I realize I'm wading into a necrothread here, but I'll pitch in as well.
Having read practically everything I can find on the radar systems of the various combatants of WWII, there is absolutely no doubt whatsoever that Allied systems were far in advance of their German counterparts, and even more so over the Japanese.
While it is true that Hans Hollmann did indeed intent a magnetron, he didn't invent the magnetron. The difference is one of degree, but in this case, the degree is about two orders of magnitude. Hollmann's magnetrons generated on the order of tens to hundreds of watts, had significant problems with frequency drift, and did not use a seed signal that could be used on the receiver. As a result, the German authorities rejected them in favour of klystrons, which also generated tens to hundreds of watts, but were more robust, had no problems with drift, and used a separate seed signal which could also be fed into the receiver's superheterodyne tank.

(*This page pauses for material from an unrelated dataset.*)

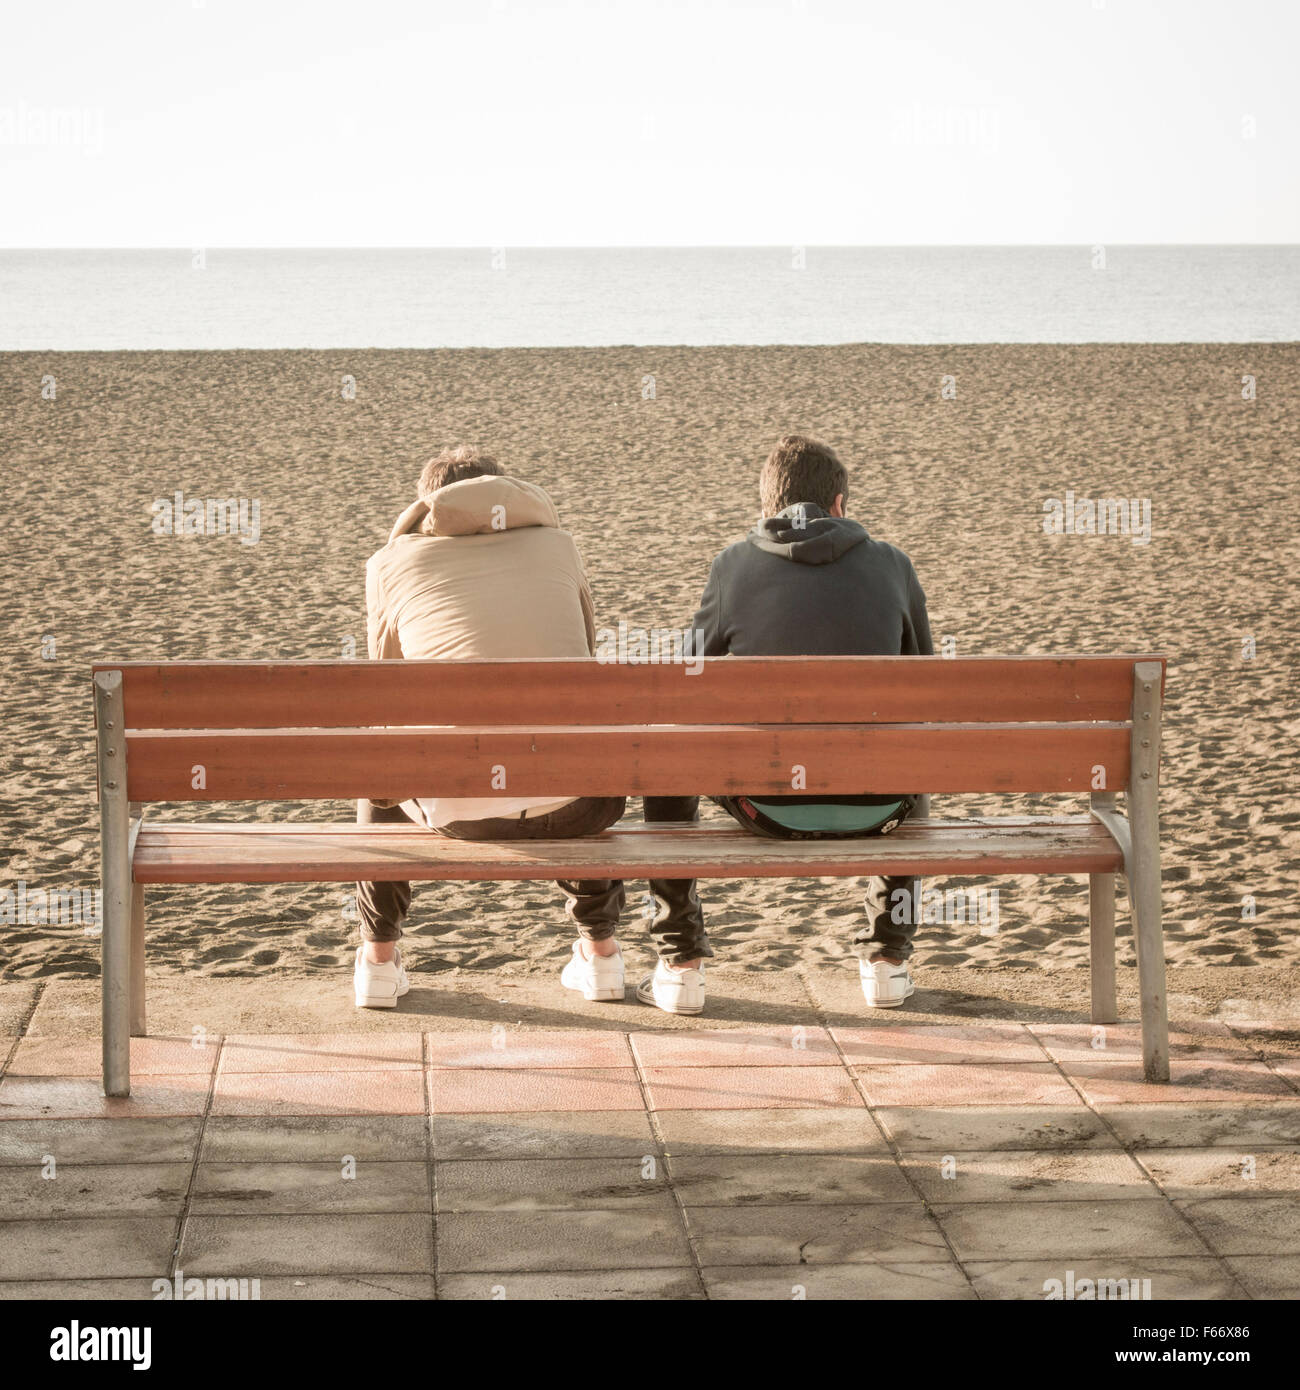 Two teenagers sitting on bench overlooking beach. Stock Photo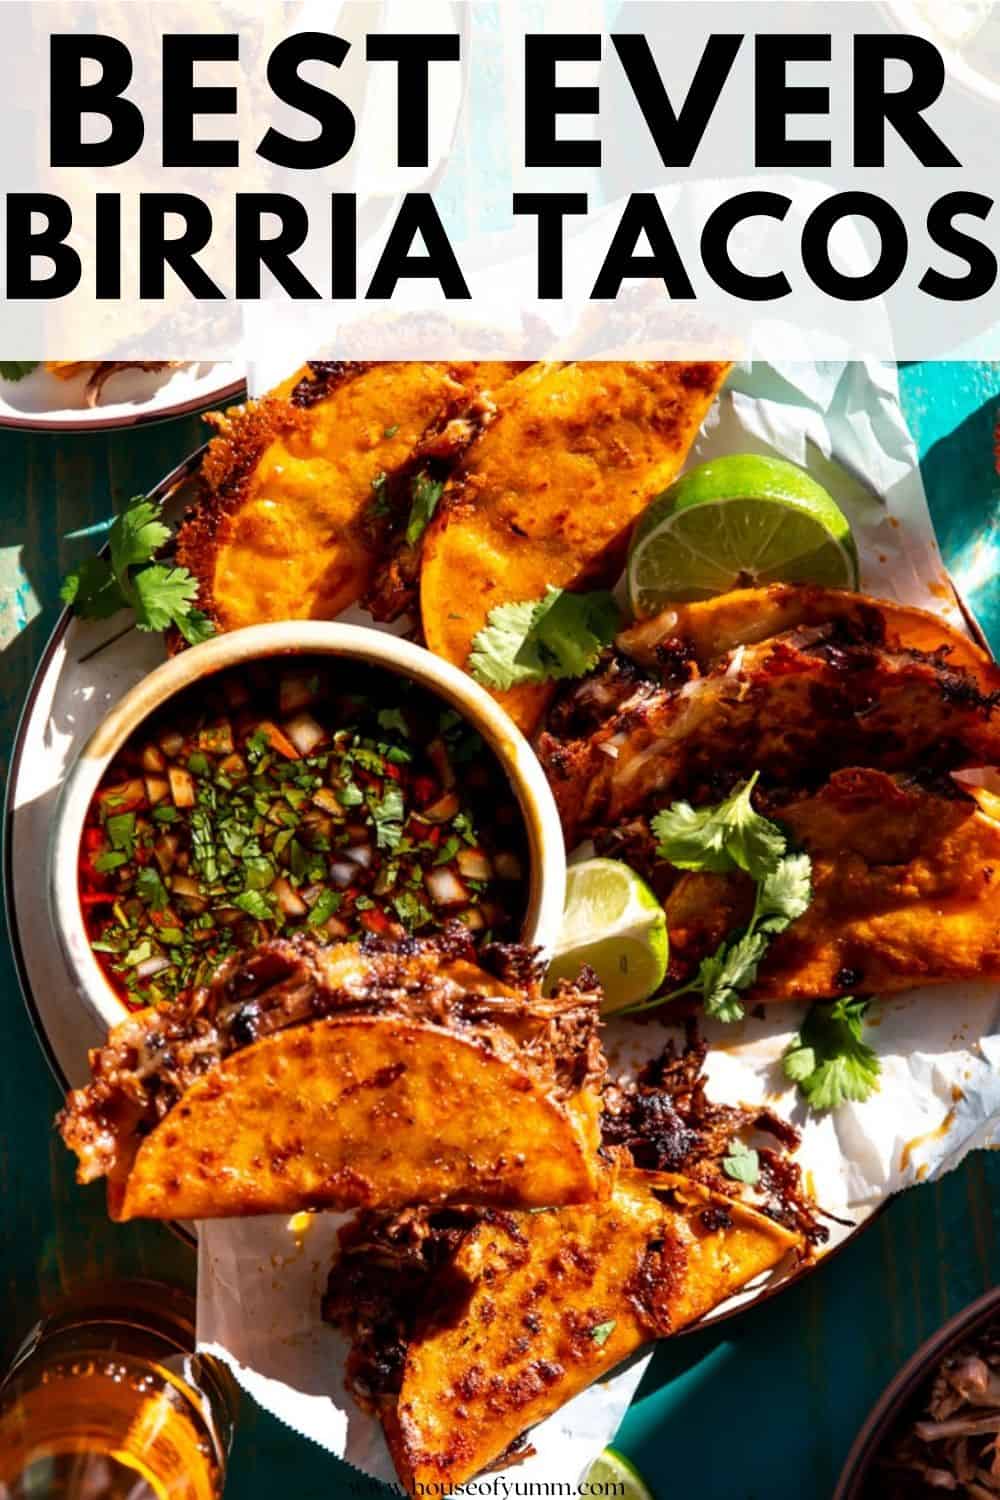 Birria tacos with text.

In contrast, Randal and Boot's first magnetron was bored from a solid block of copper, and was capable of generating 1000 W. Within weeks it was up to 5 kW, and after GEC had a look, 25 kW. As a result, the UK had a practical microwave radar source in 1940, whereas no one else in the world did. The US, for instance, had followed the same train of logic as the Germans and had klystrons of a few tens of watts, and were simply blown away by the magnetron when they saw it in September. They were so taken by its promise that they had a production line set up before the British team had even managed to return home. We were even building them in Canada by the end of the year and had a (semi-)operational microwave GL radar by 1943.
Using the magnetron had the other disadvantages noted above, that is, frequency drift and the lack of a seed signal that could be sent into the LC tank of the heterodyne. Moreover, existing tube-based rectifiers used in the detector stage simply didn' work at those frequencies. Less important but still annoying was there was no RF switch that operated at those frequencies so you had to use separate antennas for transmit and receive. These are serious problems, but the UK attacked them one by one until they had them all. Frequency drift was an issue in the UK magnetrons as well, but much less of one because it was built out of a single block of metal that was then water or air cooled so the expansion and warping wasn't as much of a problem. The second was addressed by the introduction of the reflex klystron, which tapped off the output of the magnetron, modified it by a fixed amount, and fed that into the heterodyne. A modification of this same system solved the problem of a suitable RF switch. A tube-based detector never emerged, but in its place, the UK developed semiconductor diodes that solved this problem.
By 1941 the UK had complete working microwave radar systems. This led to the introduction of the H2S, and the great debates over its use. It was captured almost immediately, on 3 February 1943, but the Germans were unable to get a similar set into action. The only one that got remotely close was the Berlin units, and they wouldn't have been available in any reasonable form until 1946. The magnetron itself was easy enough to build, Randal and Boot did it in a disused lab after all, but other parts remained huge problems. They had no semiconductor industry and two years later their crystals still didn't work for more than minutes on average, they never managed to get a working reflex klystron, and it took a full year before they even figured out how the reflex klystron switch even worked.
By that time the UK was already moving to 1.25 cm wavelengths, had deployed ASV, H2S, AI, GCI and EW microwave radars, were experimenting with Doppler radars (H2D), COHO MTI and many other technologies like microwave-relay communications systems. The US had introduced grown crystals which would lead to the transistor, highly advanced conical scanning units like the SCR-584 that could track individual artillery shells, let alone aircraft, and were well on their way to second-generation systems that were so improved no one ever caught up.
The only true success the Germans had in the microwave field was the Naxos detectors, and even they were limited in capability. Their radars never worked, and their H2S jammers were abandoned because they were useless. The UK also beat them in the introduction of IFF, beacon guidance like Rebecca, hyperbolic navigation, transponder-based landing aids, chaffe, inverse con-scan jamming (which drove the Würzburg operators absolutely batty), comm jammers like ABC and Jostle, and any number of other technologies.
The situation was so bad for the Germans that there were numerous instances where they would see targets on the radars and simply not believe they were real, to cases where they could hear aircraft flying above them which were invisible because they completely jammed, to cases where they shot down their own aircraft because they were so afraid of the British tracking their signals that they told pilots to turn off their IFFs and thus appeared to be enemy aircraft to the AA gunners. The entire radio battle was completely out of control, and the Germans were the first to admit it. They had their share of successes, like Klein Heidelberg and Cerberus jamming, but these were the exception to the rule. I mean, the situation at Malta where they simply gave up even attempting to jam UK VHR radars says it all - they had the radars jammed but the RAF operators managed to convince them it wasn't working so they went home!
Sorry, but if you're reading this and you actually believe the Germans were even close then you simply haven't read nearly enough about the topic.